INFORMATION PROVIDED:
☆ ☆ ☆ ☆ ☆ ☆ ☆

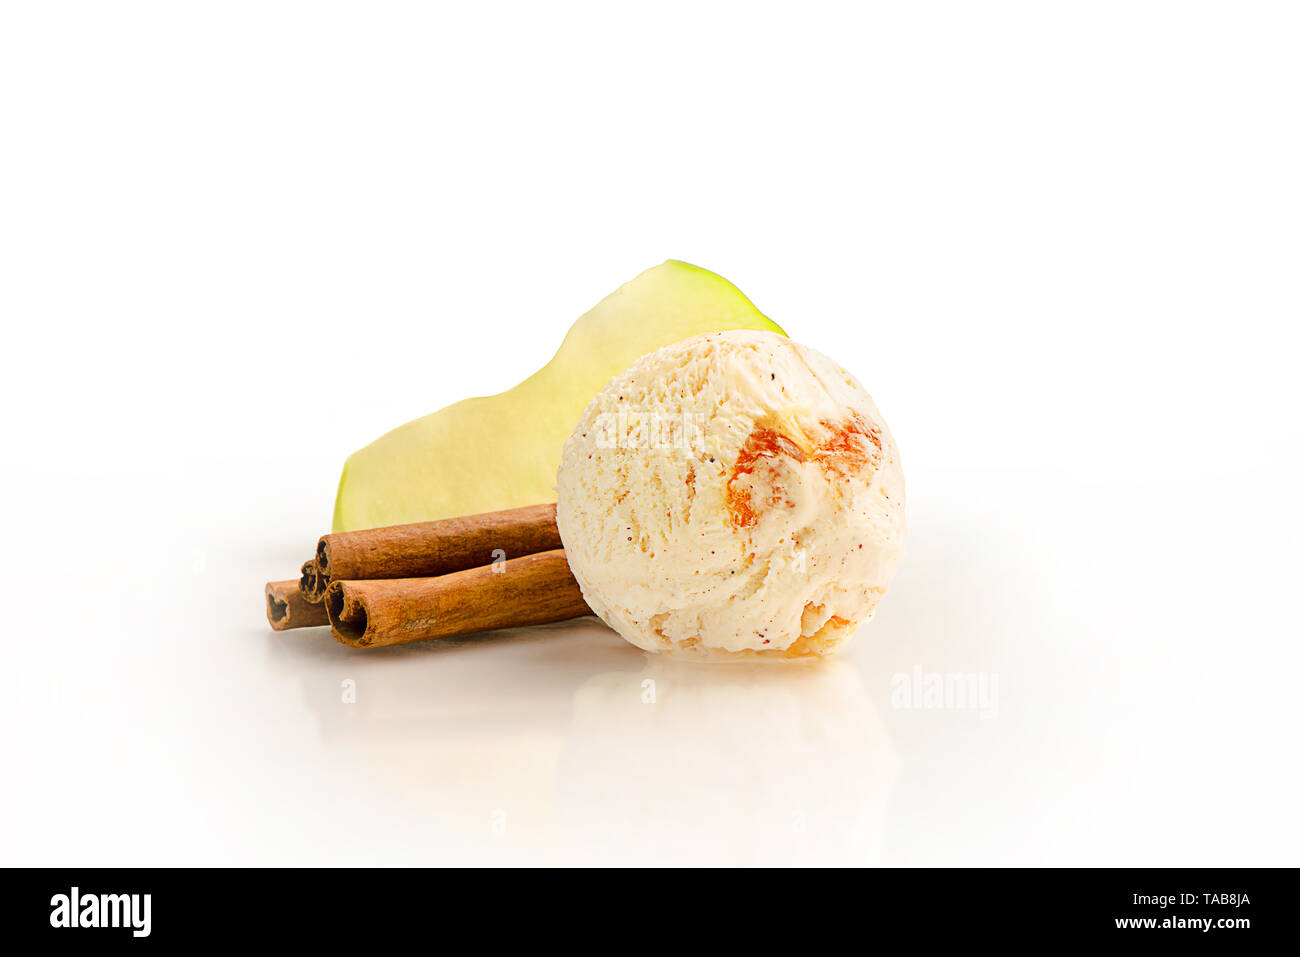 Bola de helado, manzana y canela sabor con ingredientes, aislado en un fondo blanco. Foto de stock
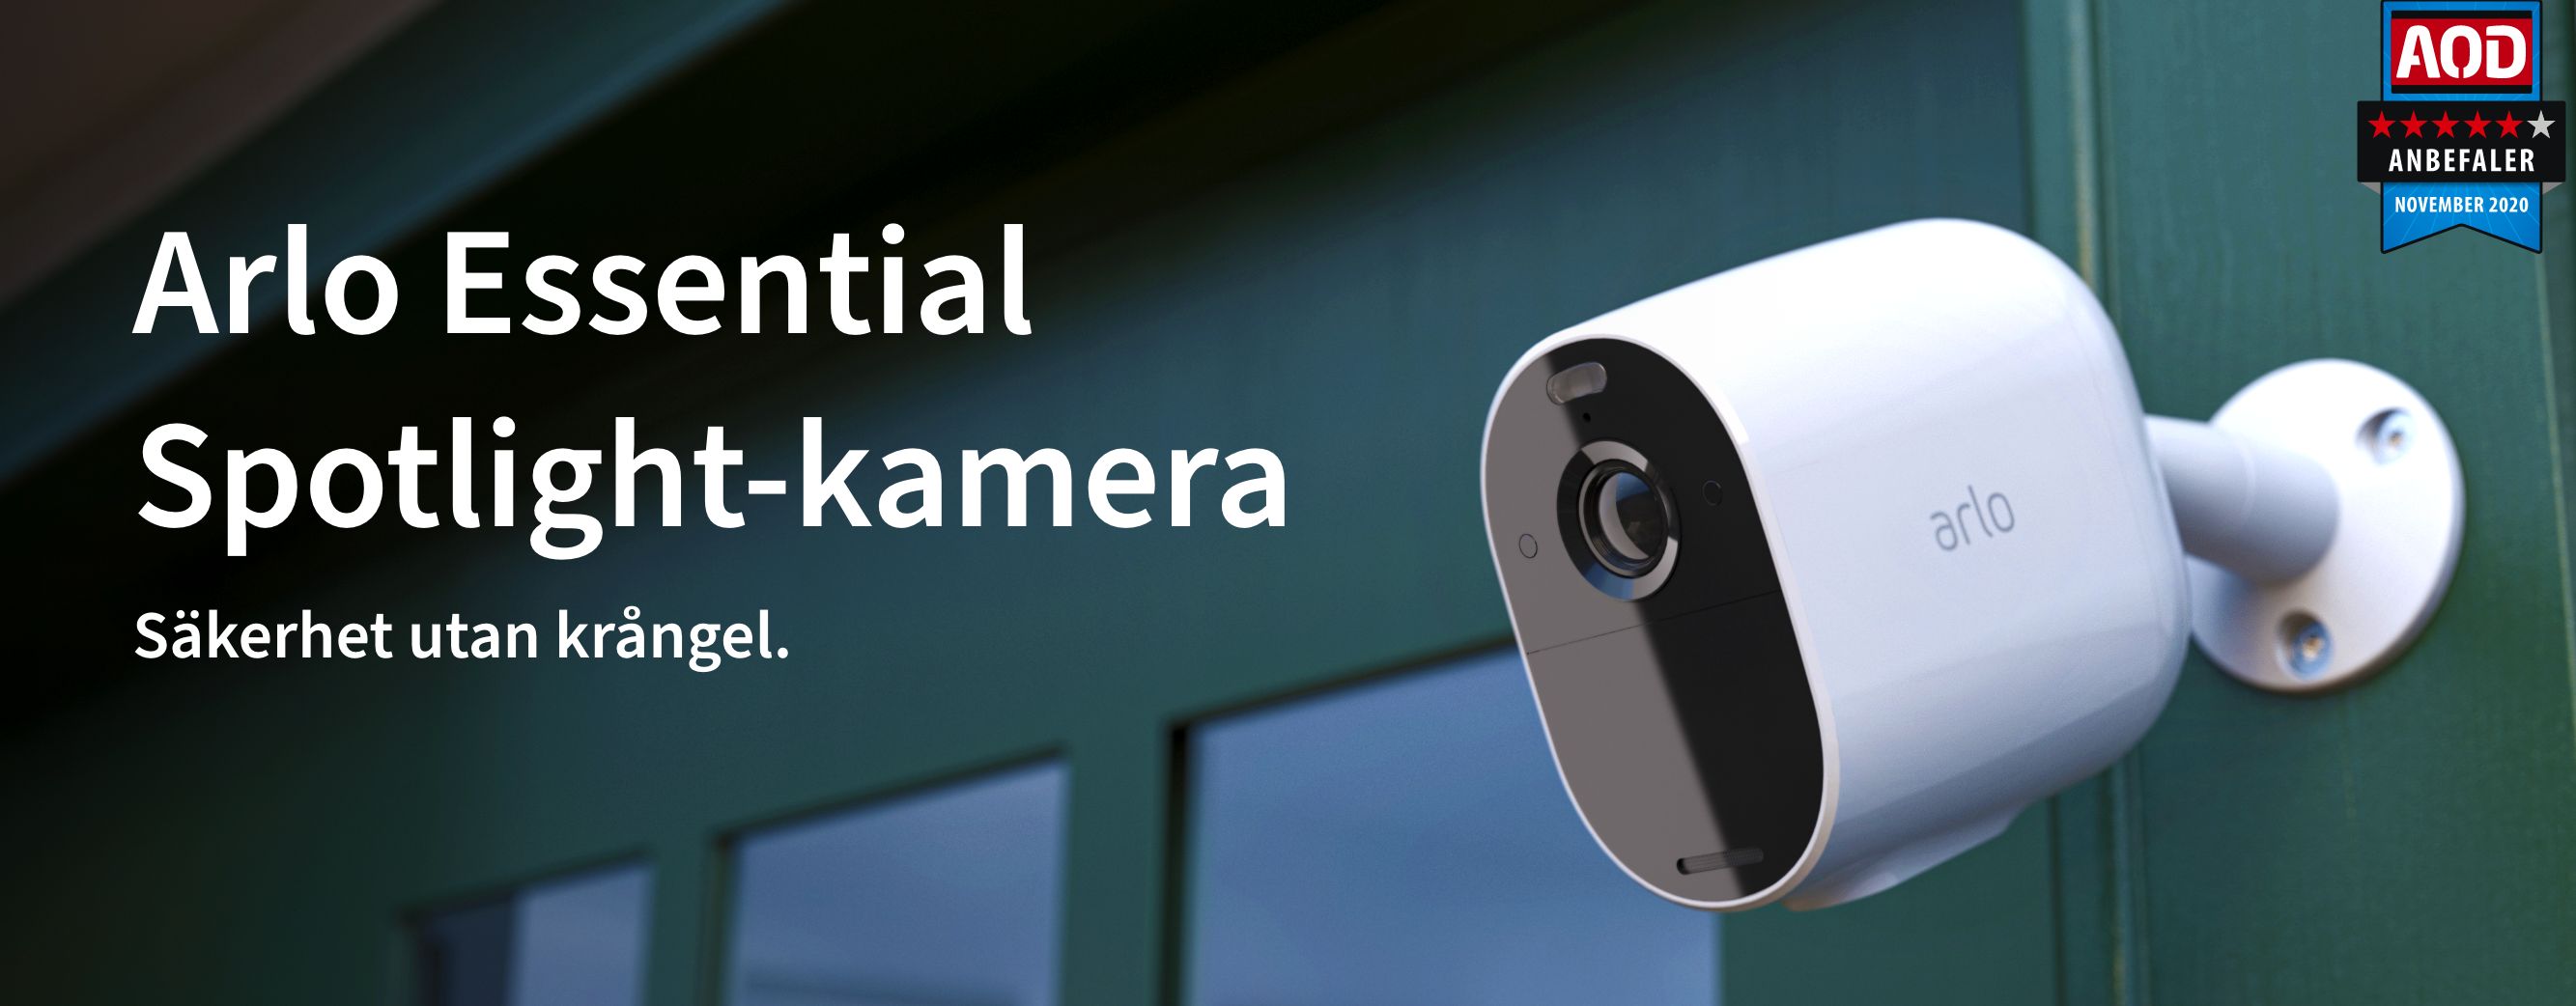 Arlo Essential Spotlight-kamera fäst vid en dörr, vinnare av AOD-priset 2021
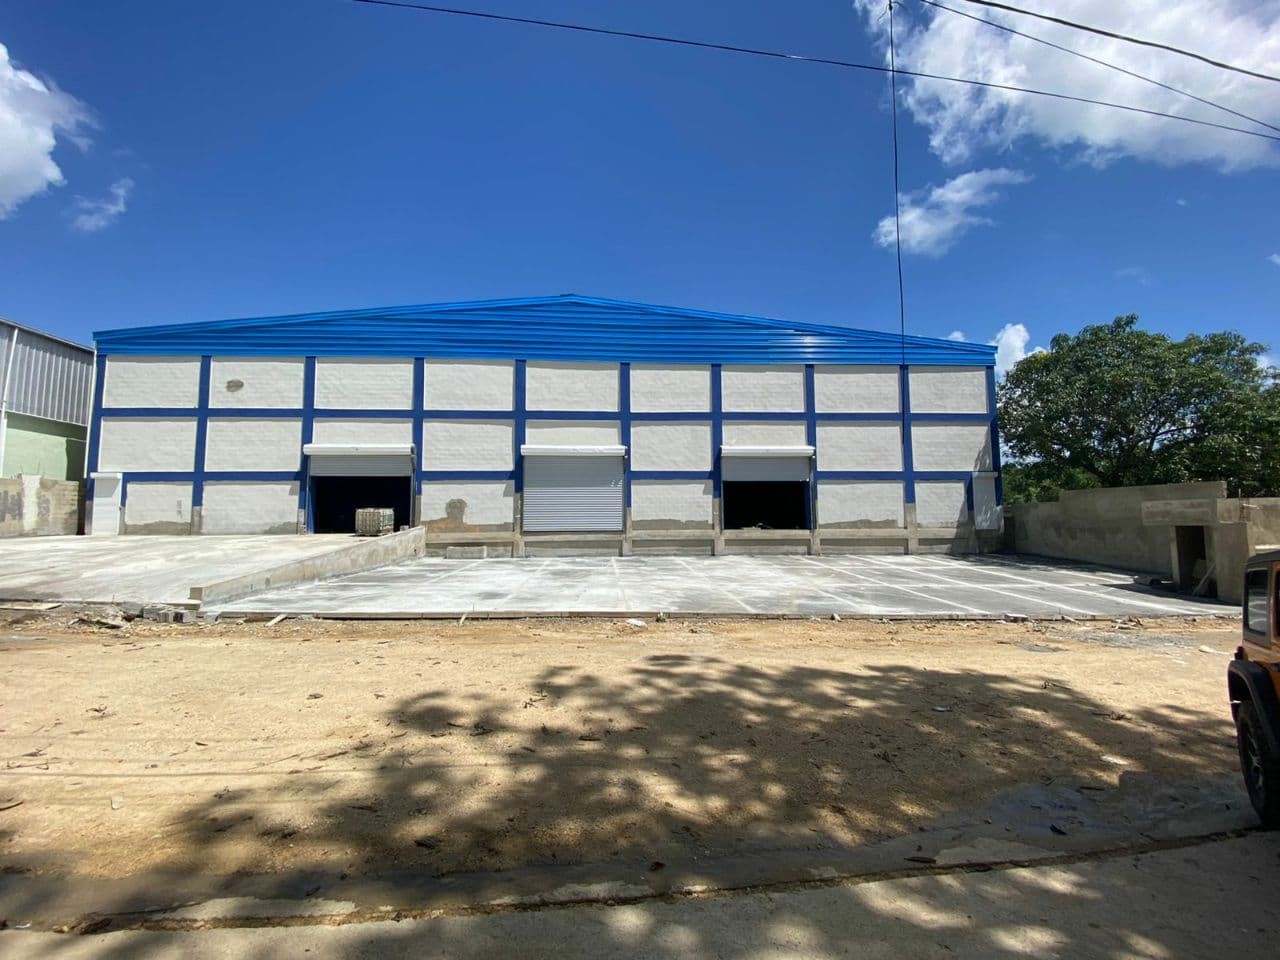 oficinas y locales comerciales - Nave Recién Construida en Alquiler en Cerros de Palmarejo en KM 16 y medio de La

☆ ☆ ☆ ☆ ☆ ☆ ☆

Without including any images, output the data exactly as given.

 Bola de helado, manzana y canela sabor con ingredientes, aislado en un fondo blanco. Foto de stock
 Arlo Essential Spotlight-kamera fäst vid en dörr, vinnare av AOD-priset 2021
 oficinas y locales comerciales - Nave Recién Construida en Alquiler en Cerros de Palmarejo en KM 16 y medio de La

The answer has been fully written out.